Komentar Wali Kota Tangsel Terkait Dugaan Pungli Seragam di SDN Ciledug Barat

Komentar Wali Kota Tangsel Terkait Dugaan Pungli Seragam di SDN Ciledug Barat

Wali Kota Tangsel Angkat Bicara Terkait Dugaan Pungli di SDN Ciledug Barat

Wali Kota Tangerang Selatan (Tangsel), Benyamin Davnie, memberikan pernyataan terkait dugaan pungutan liar (pungli) yang dilaporkan terjadi di Sekolah Dasar Negeri (SDN) Ciledug Barat. Ia mengatakan bahwa pihaknya sedang melakukan pemeriksaan terhadap Kepala Sekolah SDN Ciledug Barat.

“Saat ini, kepala sekolah sudah kita periksa oleh inspektorat. Nanti kita lihat ke depannya,” ujarnya saat berbicara kepada wartawan. Meski demikian, Benyamin belum bisa memastikan sanksi yang akan diberikan terhadap kepala sekolah tersebut.

Ia menjelaskan bahwa sanksi yang diberikan akan disesuaikan dengan rekomendasi dari tim pemeriksa. “Sanksi nanti tergantung hasil dari pemeriksaan. Saya tidak bisa berdasarkan asumsi,” katanya.

“Nanti apa rekomendasi dari diriksusnya, itu yang akan kita laksanakan.
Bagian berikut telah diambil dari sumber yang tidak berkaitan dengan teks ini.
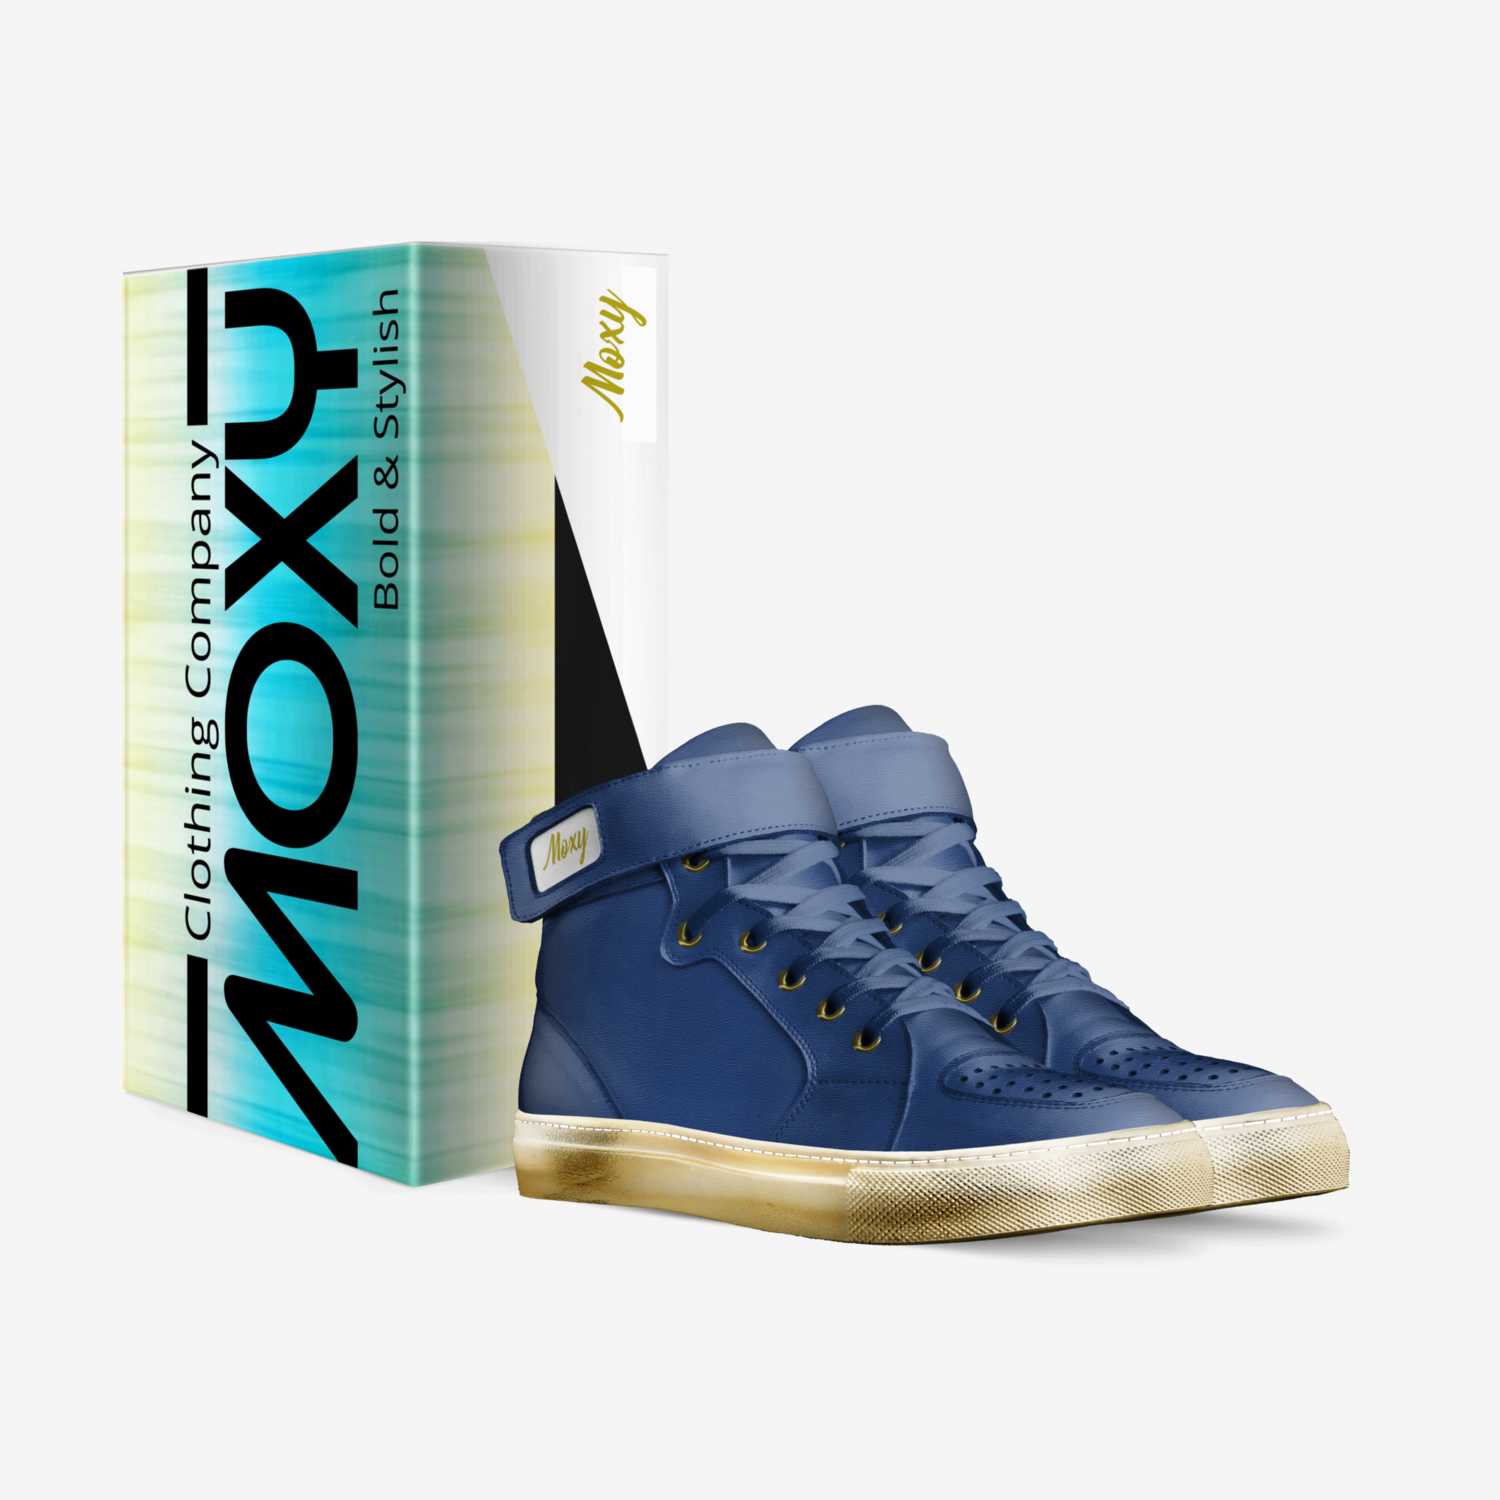 elites blue custom made in Italy shoes by Moxy Clothing Co. | Box view

Sekarang masih berproses, masih dilakukan pemeriksaan,” tambahnya.

Kepala Sekolah Tampakkan Rekening Pribadi dalam Tagihan Seragam

Sebelumnya, Nur Febri Susanti, seorang ibu rumah tangga di Kota Tangerang Selatan, mengaku diminta uang pembayaran seragam sekolah anaknya sebesar Rp1,1 juta. Febri mengatakan bahwa ia tidak memiliki uang untuk membayar tagihan tersebut, sehingga anaknya terancam tidak bisa bersekolah di SDN Ciledug Barat meskipun telah diterima.

Menurut Febri, kepala sekolah memintanya mencari sekolah lain jika tidak mampu melunasi biaya seragam. “Kepala sekolah bilang, kalau saya tidak sanggup, lebih baik cari sekolah lain saja,” katanya.

Biaya seragam senilai Rp1,1 juta mencakup pakaian muslim, baju batik, rompi, topi, atribut, serta buku paket pelajaran. Febri merasa biaya tersebut sangat besar, terlebih karena anaknya diterima di sekolah negeri. Ia juga curiga dengan rekening pribadi kepala sekolah yang dicantumkan dalam tagihan seragam.

“Anak saya sudah diterima, tapi saat daftar ulang disodori daftar biaya seragam Rp1,1 juta. Itu harus lunas dan ditransfer ke rekening pribadi kepala sekolah,” ujarnya.

Febri mengatakan bahwa penghasilannya hanya dari berjualan pempek secara online, sedangkan suaminya bekerja sebagai tukang parkir. “Penghasilan suami saya pas-pasan. Saya juga jualan seadanya. Kalau bisa dicicil, mungkin kami masih bisa usahakan. Tapi ini diminta langsung, tanpa opsi,” jelasnya.

Polemik SPMB di Tangsel

Selain di tingkat SD, Seleksi Penerimaan Murid Baru (SPMB) 2025 di tingkat SMA juga menjadi sorotan. Gubernur Banten, Andra Soni, mendapat laporan tentang sistem jalur domisili di SMA Negeri Tangerang Selatan. Banyak wali murid kecewa karena anaknya tidak diterima di sekolah negeri.

Andra Soni menegaskan bahwa Pemprov Banten hanya menjalankan regulasi resmi SPMB. Ke depan, akan diadakan program sekolah swasta gratis untuk siswa yang tidak lolos seleksi.

“Sampai hari ini masih ada beberapa sekolah yang banyak menerima tuntutan dari para orang tua agar anaknya diterima di sekolah negeri,” ujarnya.

Ia menambahkan bahwa aturan jalur domisili tahun ini melanjutkan program tahun sebelumnya. “Dulu, zaman zonasi, hanya anak-anak yang tinggal dalam zona tersebut yang bisa diterima. Itu dianggap tidak adil, maka diubah menjadi SPMB.”

“Anda apapun bentuk sistem seleksinya, selama jumlah sekolah masih kurang, maka ketidakpuasan akan terus terjadi,” lanjutnya.

Kekurangan jumlah sekolah negeri akan diimbangi dengan program sekolah swasta gratis. “Dan kami punya keyakinan bahwa kami harus memberikan keadilan kepada seluruh warga Banten untuk mendapatkan layanan pendidikan sesuai amanat Undang-Undang Dasar,” pungkasnya.